┌──

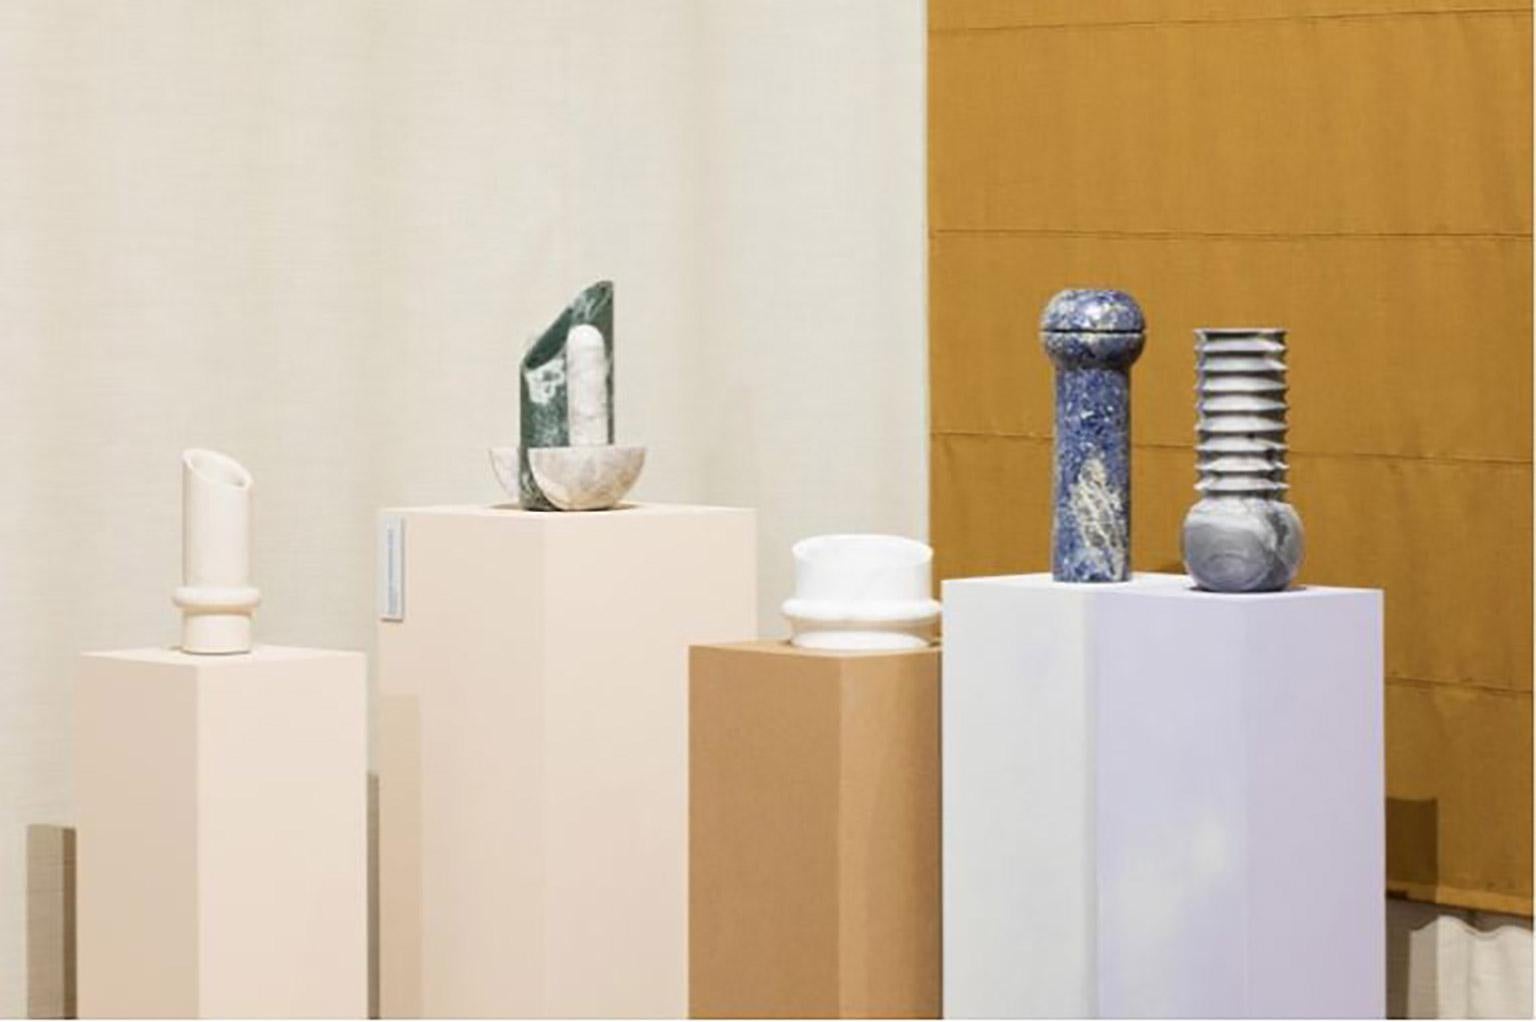 Vase géométrique sculptural en marbre Botticino, collection Simultanea. Les forces centripètes, centrifuges et de mouvement sont canalisées dans des formes en pierre. Une rotation sur l'axe devient un vase, tandis qu'une coupe inclinée suggère un
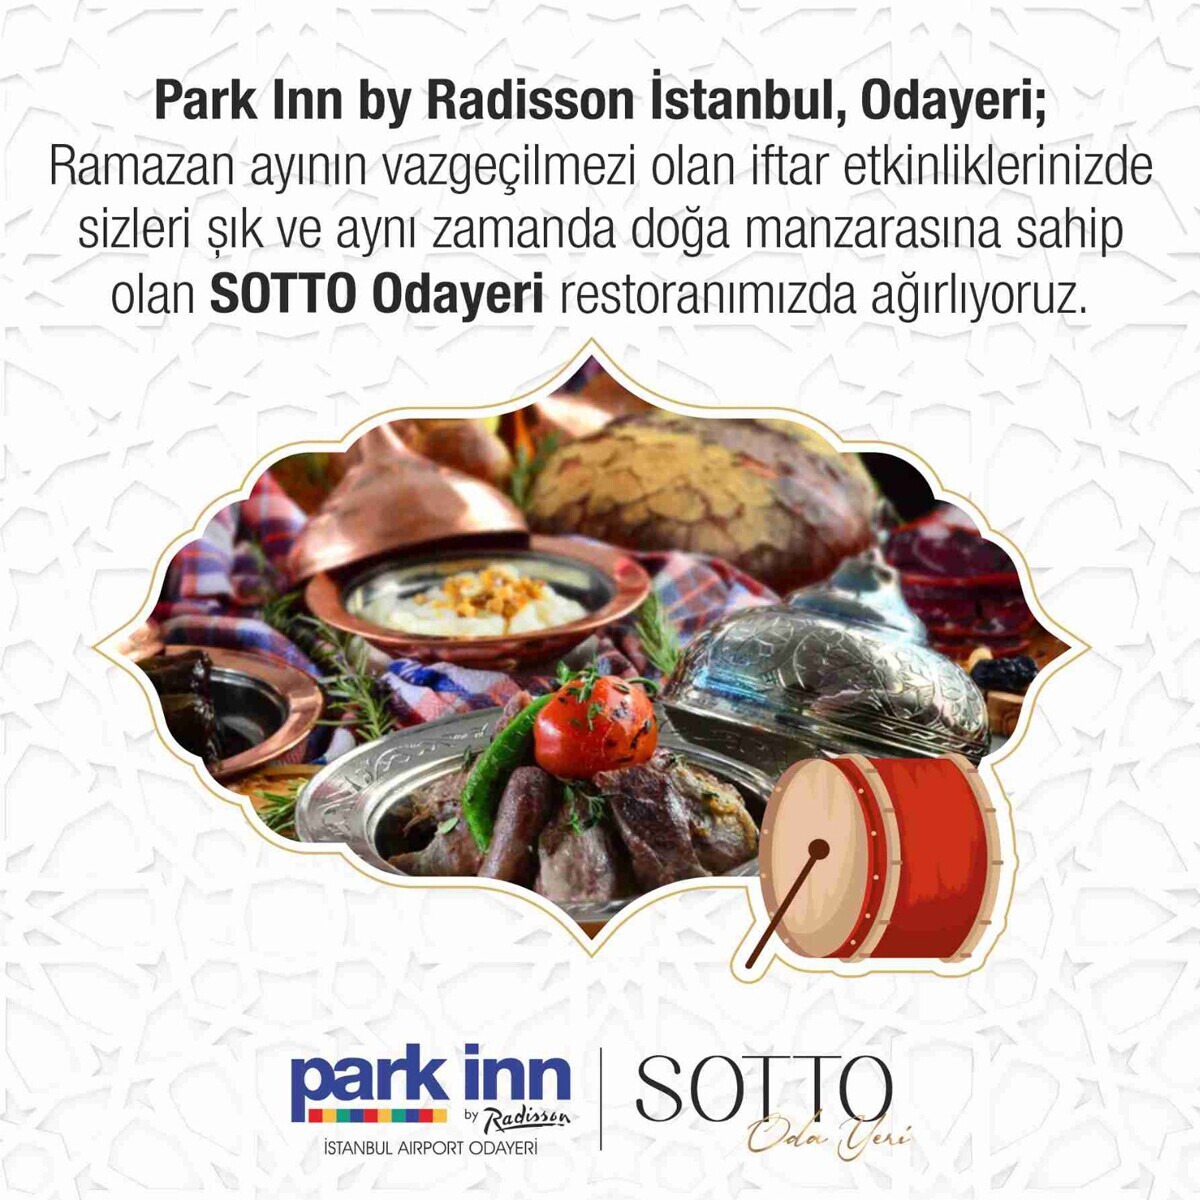 Park Inn by Radisson Istanbul Airport Odayeri’de Leziz İftar Menüleri
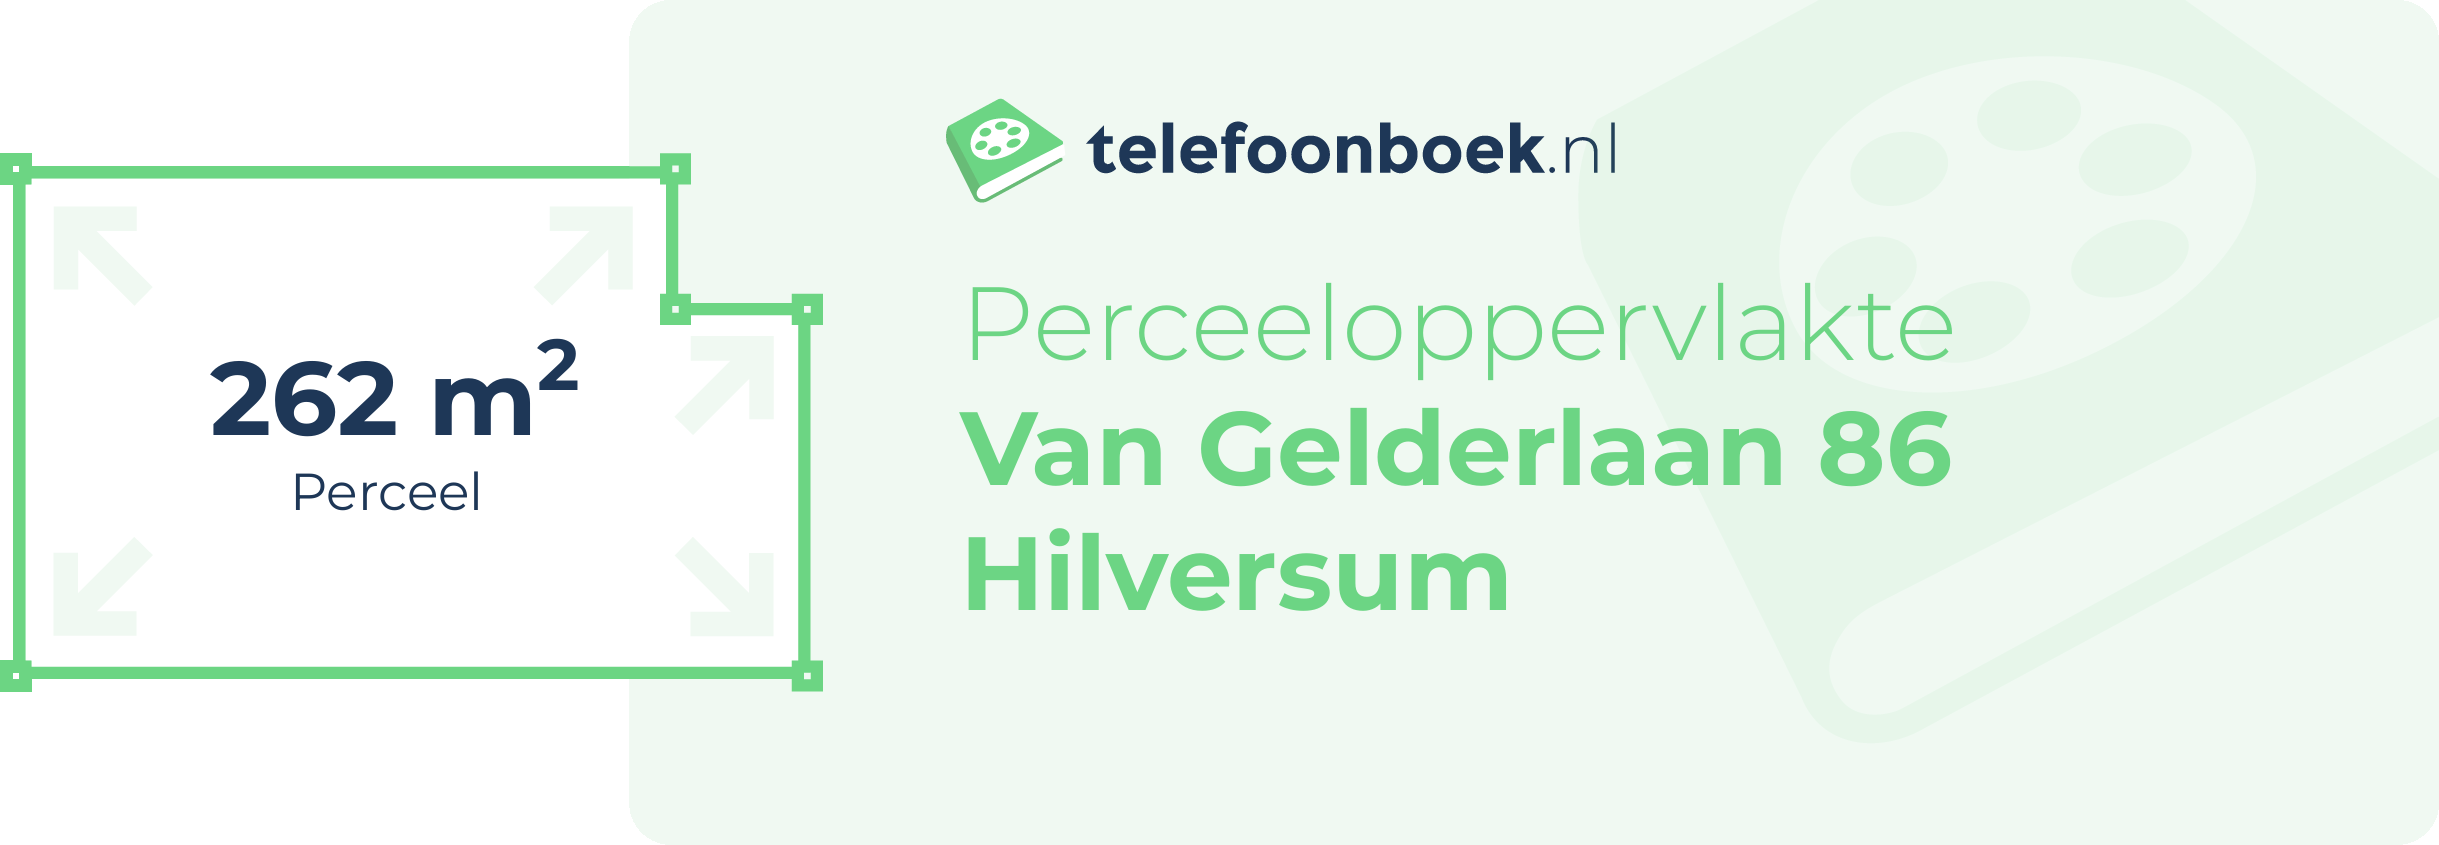 Perceeloppervlakte Van Gelderlaan 86 Hilversum
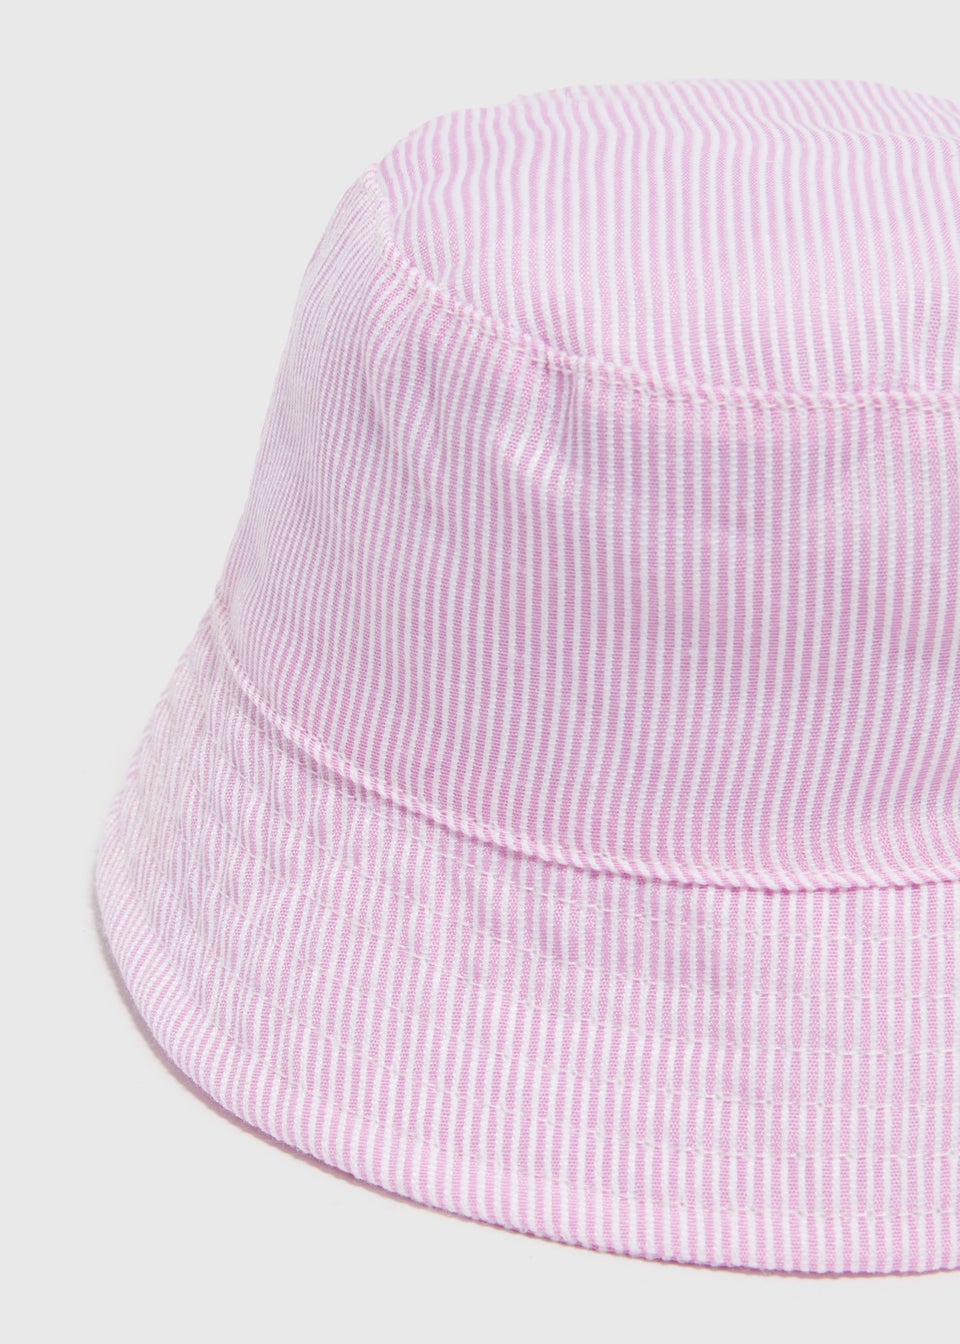 Baby Pink Stripe Bucket Hat (Newborn-24mths)

└──

## WHAT THE EXERCISE ASKS
The lines from the one holding "Perceeloppervlakte Van Gelderlaan" through the end of the material above are to be echoed exactly, both ends included. Do not include pictures.

## SOLVED EXERCISE
 Perceeloppervlakte Van Gelderlaan 86 Hilversum
 Baby Pink Stripe Bucket Hat (Newborn-24mths)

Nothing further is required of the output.